### DATA BELOW

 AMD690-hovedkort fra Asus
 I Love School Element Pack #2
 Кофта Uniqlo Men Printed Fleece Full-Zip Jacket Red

### DIRECTIONS FOR THIS TASK
Without altering anything, print all of the data again.

### OUTPUT BELOW
 AMD690-hovedkort fra Asus
 I Love School Element Pack #2
 Кофта Uniqlo Men Printed Fleece Full-Zip Jacket Red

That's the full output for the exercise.